164 ENGOT-cx11/GOG 3047/KEYNOTE-A18: a phase 3, randomized, double-blind study of pembrolizumab with chemoradiotherapy in patients with high-risk locally advanced cervical cancer

Background High-risk locally advanced cervical cancer (CC) has a poor prognosis, and >50% of patients recur in 2 years. Concurrent chemoradiotherapy (CRT) may enhance the immunostimulatory activity of the PD-1 inhibitor pembrolizumab. After KEYNOTE-158, in which pembrolizumab demonstrated durable antitumor activity, pembrolizumab monotherapy was approved for patients with PD-L1–positive recurrent or metastatic CC who progressed during or after chemotherapy.
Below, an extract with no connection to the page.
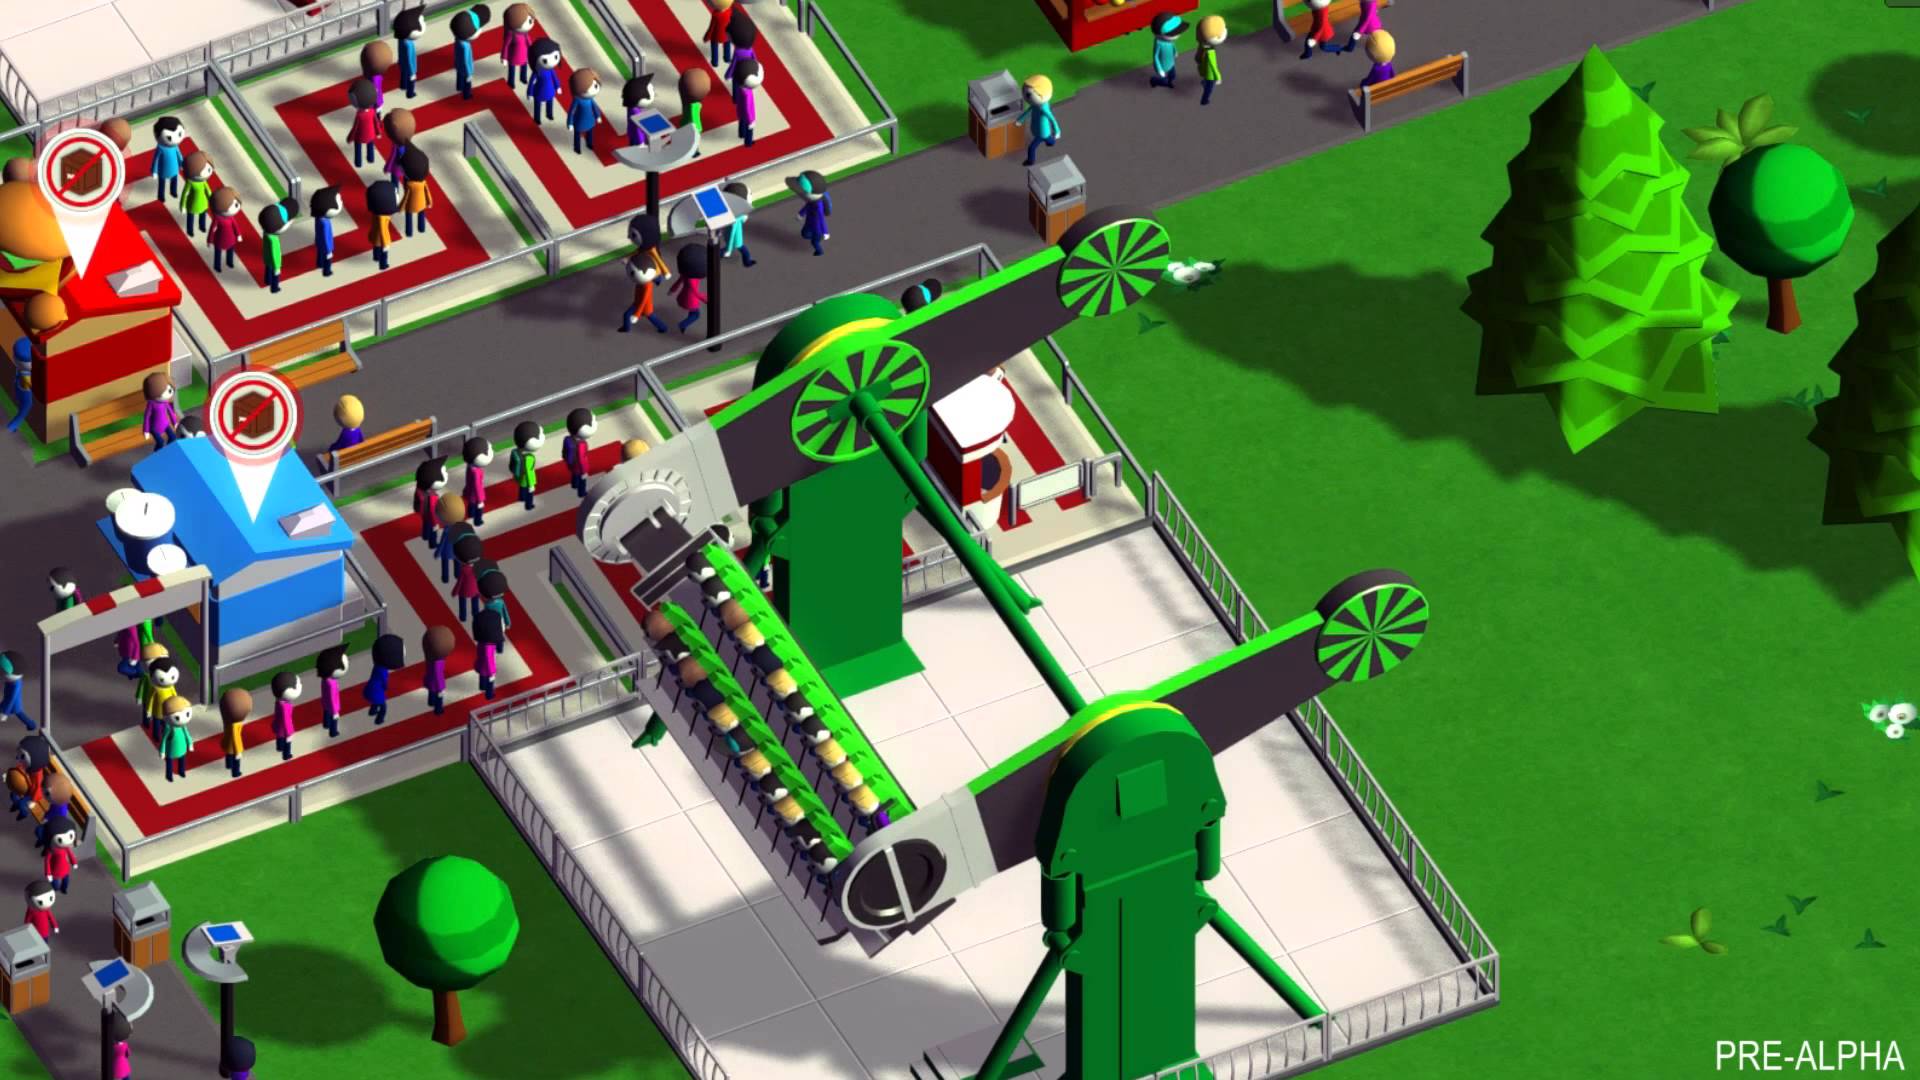 新テーマパークみたいな遊園地経営ゲーム Parkitect に約1500円投資した
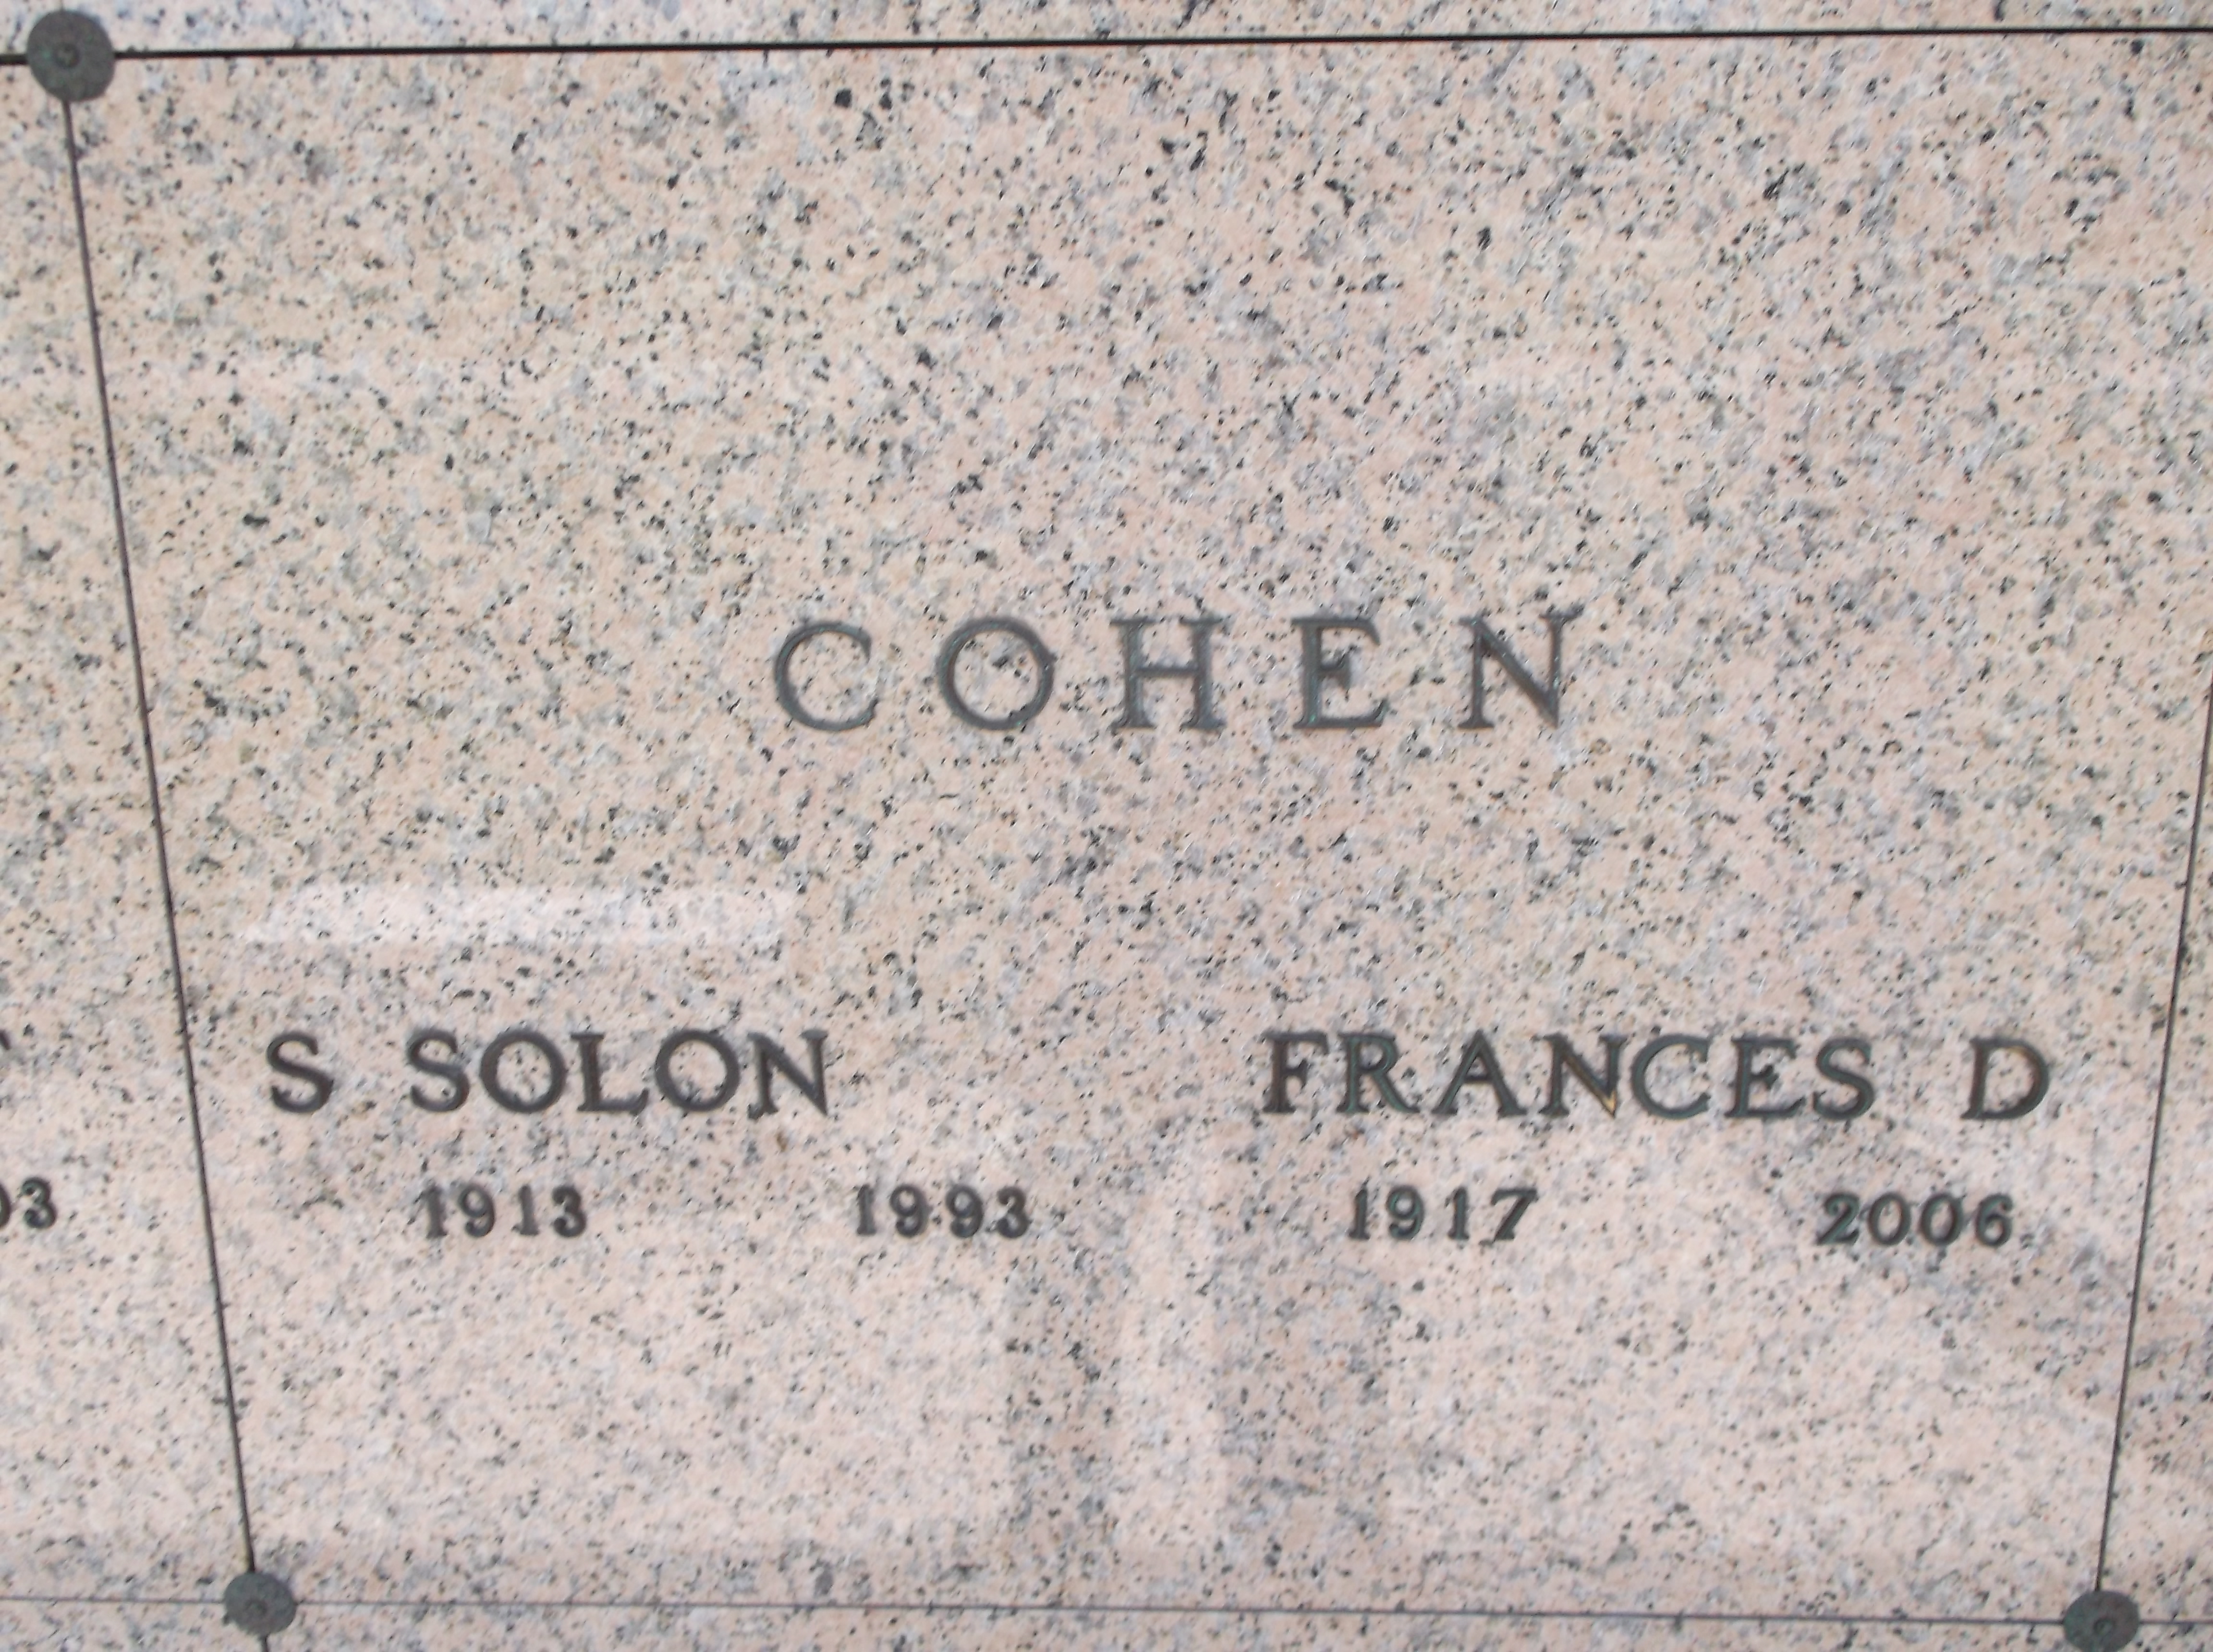 S Solon Cohen

ENGOT-cx11/KEYNOTE-A18 (NCT04221945) is a phase 3, randomized, placebo-controlled study evaluating pembrolizumab with concurrent CRT in locally advanced CC. Trial design Approximately 980 patients with high-risk, locally advanced, histologically confirmed CC who have not received systemic therapy, immunotherapy, definitive surgery, or radiation will be randomized 1:1 to receive 5 cycles of pembrolizumab 200 mg Q3W + CRT (5 cycles [with optional 6th cycle] of cisplatin 40 mg/m2 Q1W + external beam radiotherapy [EBRT] followed by brachytherapy) followed by 15 cycles of pembrolizumab 400 mg Q6W or 5 cycles of placebo Q3W + CRT followed by 15 cycles of placebo Q6W. Randomization is stratified by planned EBRT type, cancer stage at screening, and planned total radiotherapy dose. Treatment will continue until patient receives ≤20 cycles of pembrolizumab (5 cycles 200 mg Q3W, 15 cycles 400 mg Q6W) vs placebo (~2 years) or until disease progression, unacceptable toxicity, or withdrawal. Primary endpoints are PFS per RECIST v1.1 by blinded independent central review and OS. Secondary endpoints include PFS at 2 years, OS at 3 years, complete response at 12 weeks, ORR, PFS and OS in PD-L1–positive patients, and safety. Enrollment is ongoing.